個別指導塾 ONE-S(ワンズ)のブログ

堺市上野芝にある個別指導塾です。進学から補習、不登校の子どもの学習サポートなど、さまざまな子どものニーズにこたえます

120%の力なんてずっと出せるわけじゃない

2018-12-31 11:55:07 | 教室から
こんにちは。堺市西区の上野芝にある個別指導の学習塾ONE-S(ワンズ)の塾長の松下です。

冬季講習も前半が終わり、今日は自宅と塾の大掃除です。フルパワーでいかないと1日では終わりそうもないです。

勉強であってもスポーツであっても、能力も向上させるためには必ず努力が必要ですよね。天才型の人間であっても、おそらく努力はしてるのだと思います。その努力をどれほどするかによって、到達する地点は決まるんですね。

ただ、同じ努力をしたからといって、同じ到達点になるとはかぎりません。いえ、まず同じ地点になる可能性はないです。それはおそらく人間が本来持っている生まれながらの能力がそれぞれ異なるからです。

恥ずかしい話ですが、私は小学生の頃自分のことを「もしかして俺って天才かも」と思ってました。授業でわからないことなんて何もないし、すぐに理解できましたから。それは中学生になっても続きました。受験前の入試問題で解けない問題はありましたけど、それでもやはり「天才かも」と思っていたイタイ少年でした。
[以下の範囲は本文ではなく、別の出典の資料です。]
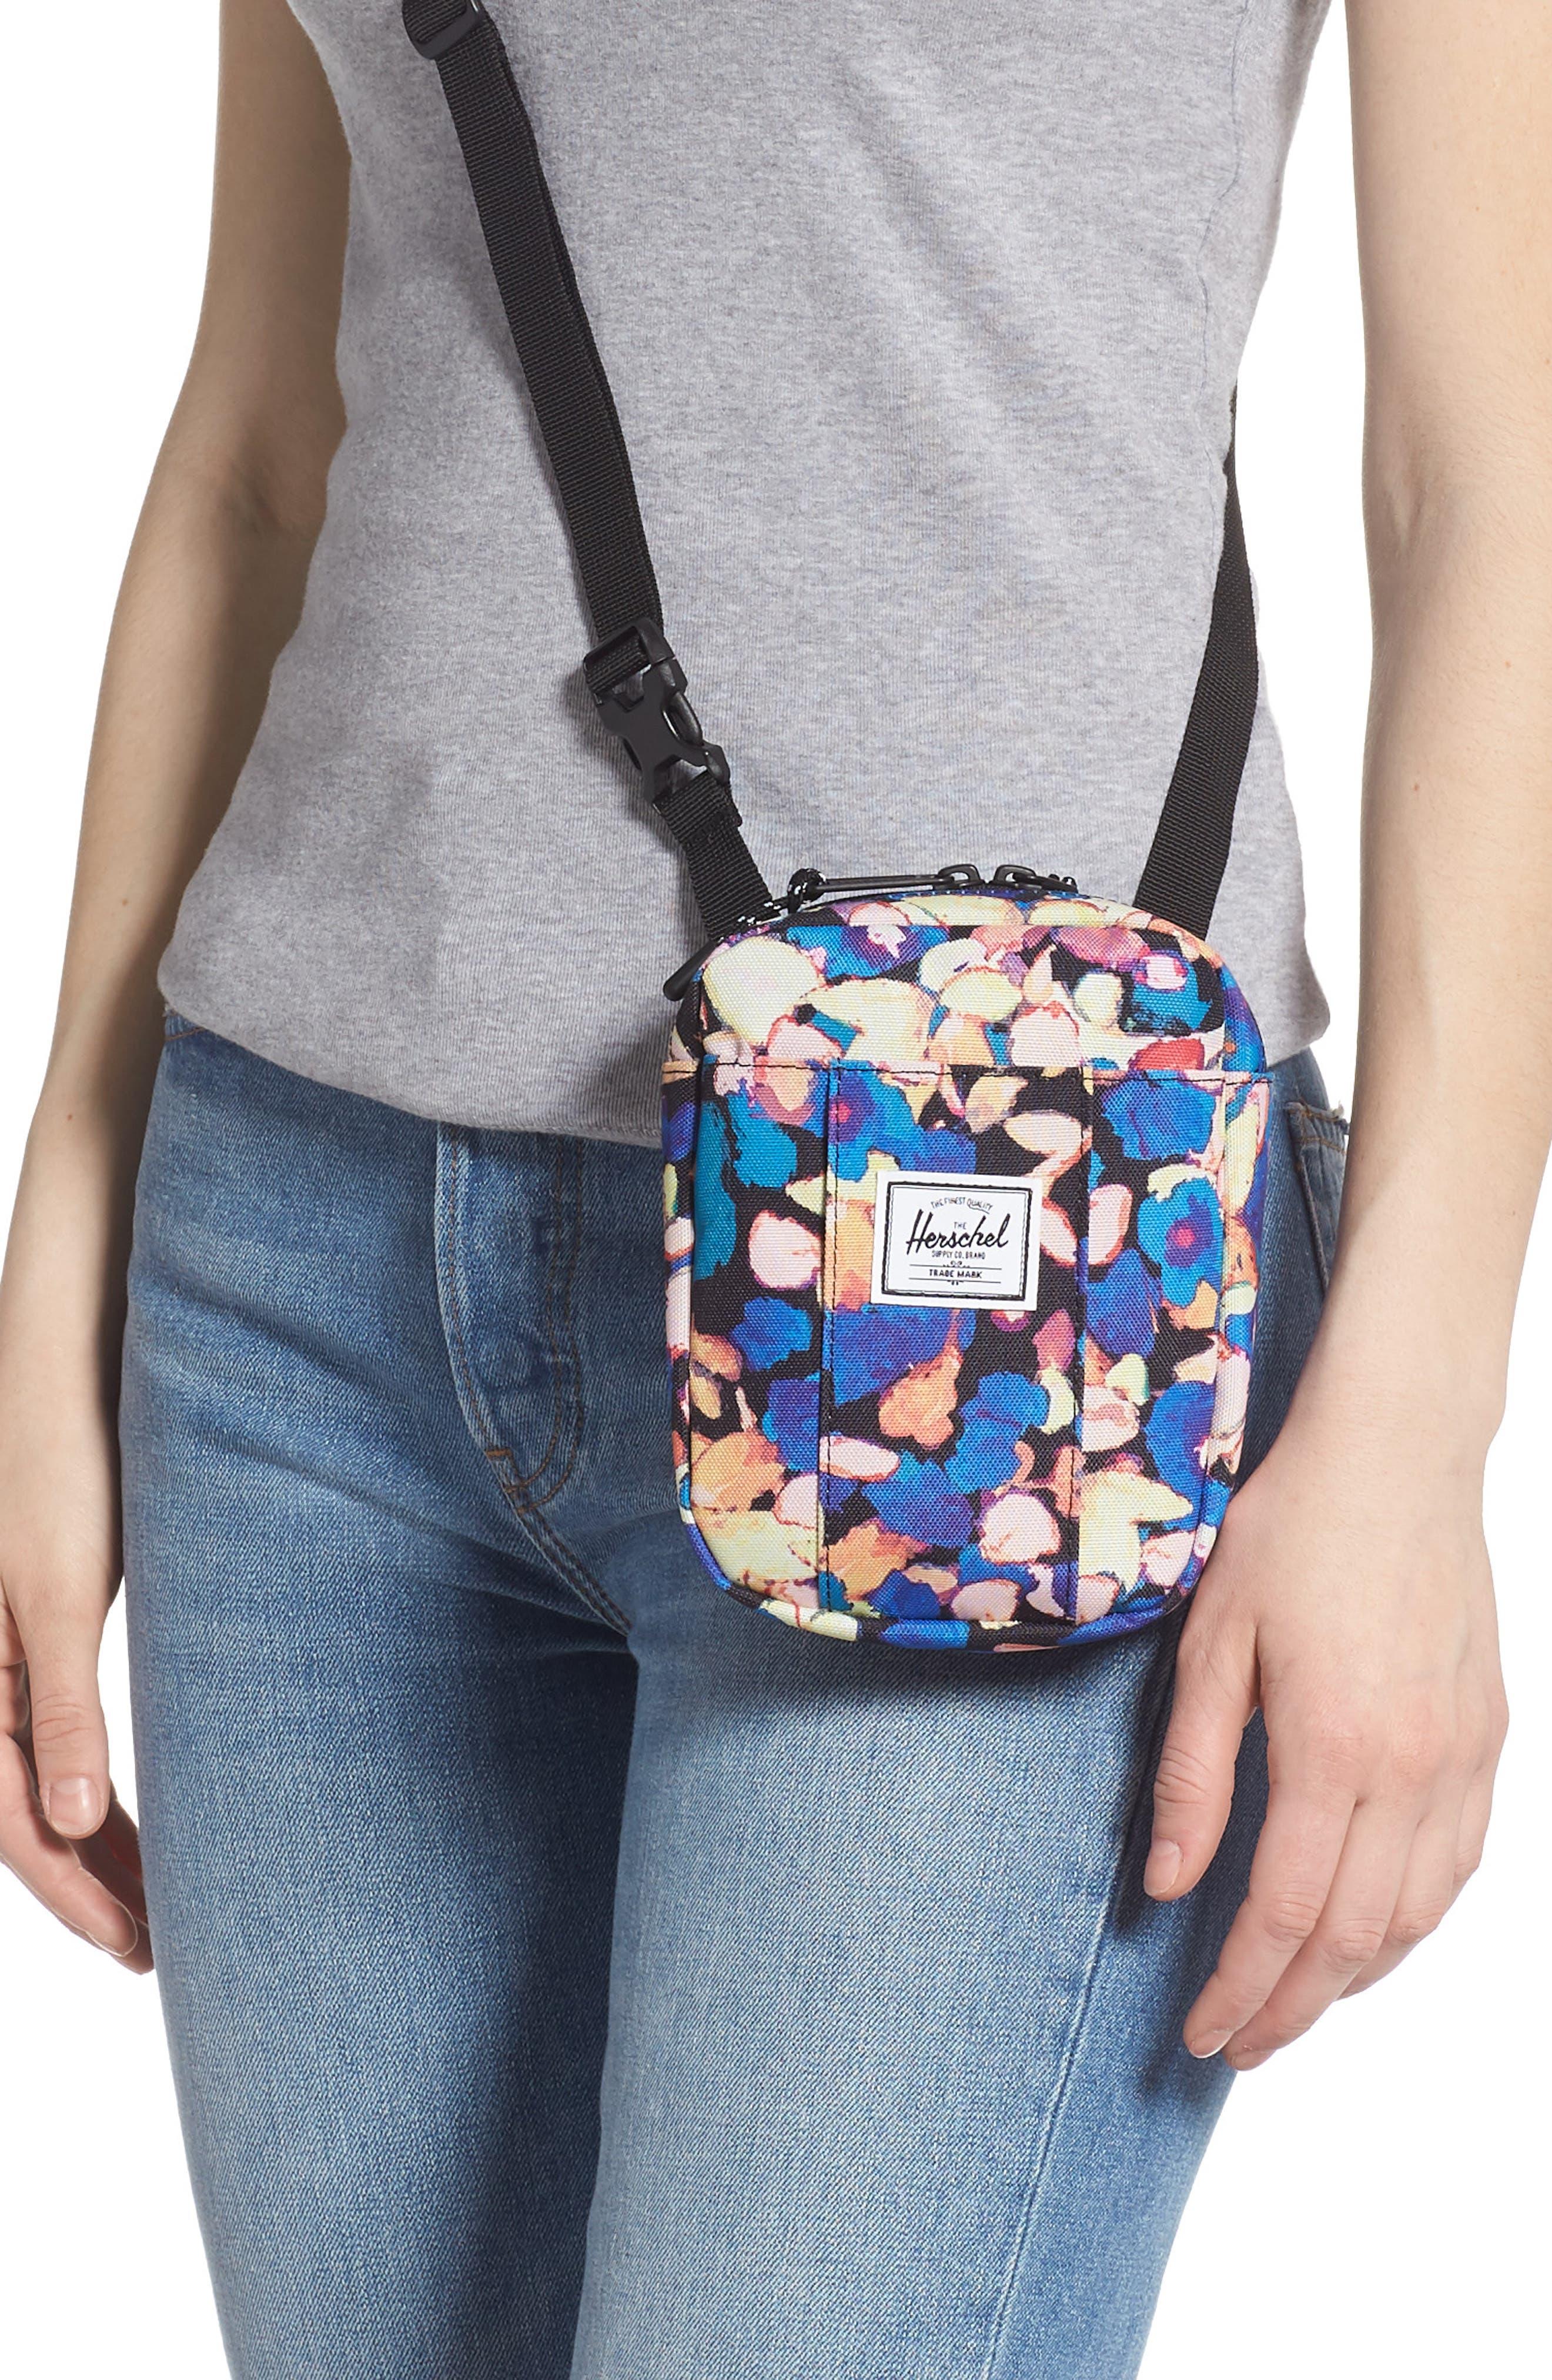 75bac255427 Herschel Supply Co. Cruz Crossbody Bag - Pink In Painted Floral ...

それが高校に入学して一瞬で変わりました。私より頭のいい子なんてたくさんいて、どれほど勉強しようが勝てるわけないと気づきました。それまで学校で1番になるのが当たり前で、だれかに負けることなんて許されないと思ってましたが、高校であっさりと敗北を認め、自分の能力の範囲の中でできることをしようと考えが変わりました。たとえ、当時私が1日15時間ほどの勉強をして、彼らと同じくらいの学力をなんとか保っていたとしても、彼らが本気を出せばまたすぐに突き放されるわけですから、どうやっても追いつくことなんてできません。そして大事なことは、1日15時間ほどの勉強をし続けることなんて、何年もできないということです。

何か目標に到達するために努力することは当然です。ただ、「努力=素晴らしいこと 」と盲目的に信じるのはどうかと思います。

1日10時間ほどの勉強を中学受験のために小学生の3年生頃から続けて、なんとか志望校に合格できたとします。もちろん素晴らしいことですし、喜ばしいことなんですが、ここで終わりではないんです。むしろここからが始まりなんです。厳しい受験勉強を勝ち抜いてきた猛者たちが集まっているんです。少しでも気をぬくとどんどん離されていきます。受験勉強と同じような努力を続けていかなければなりません。大学受験まで考えると、そこから6年間続けなければなりません。そんな120%の努力を続けることなんてできるでしょうか?

途中で少し休みたいと思う時期もあるでしょう。もっと青春したいという子もいるでしょう。でも勉強を休んでしまうと落ちこぼれてしまって、授業についていけず、学校に行きにくくなってしまいます。そうなっている中学生がどれだけ多いか、もっともっと知るべきです。

最終学歴である大学でその努力をするのはまだ理解できます。最終学歴は強力な武器になりますから。また、就職活動において死にものぐるいで努力することもわかります。人生の半分は働いて過ごすわけですし、その場所を選ぶのに妥協はしたくないでしょうから。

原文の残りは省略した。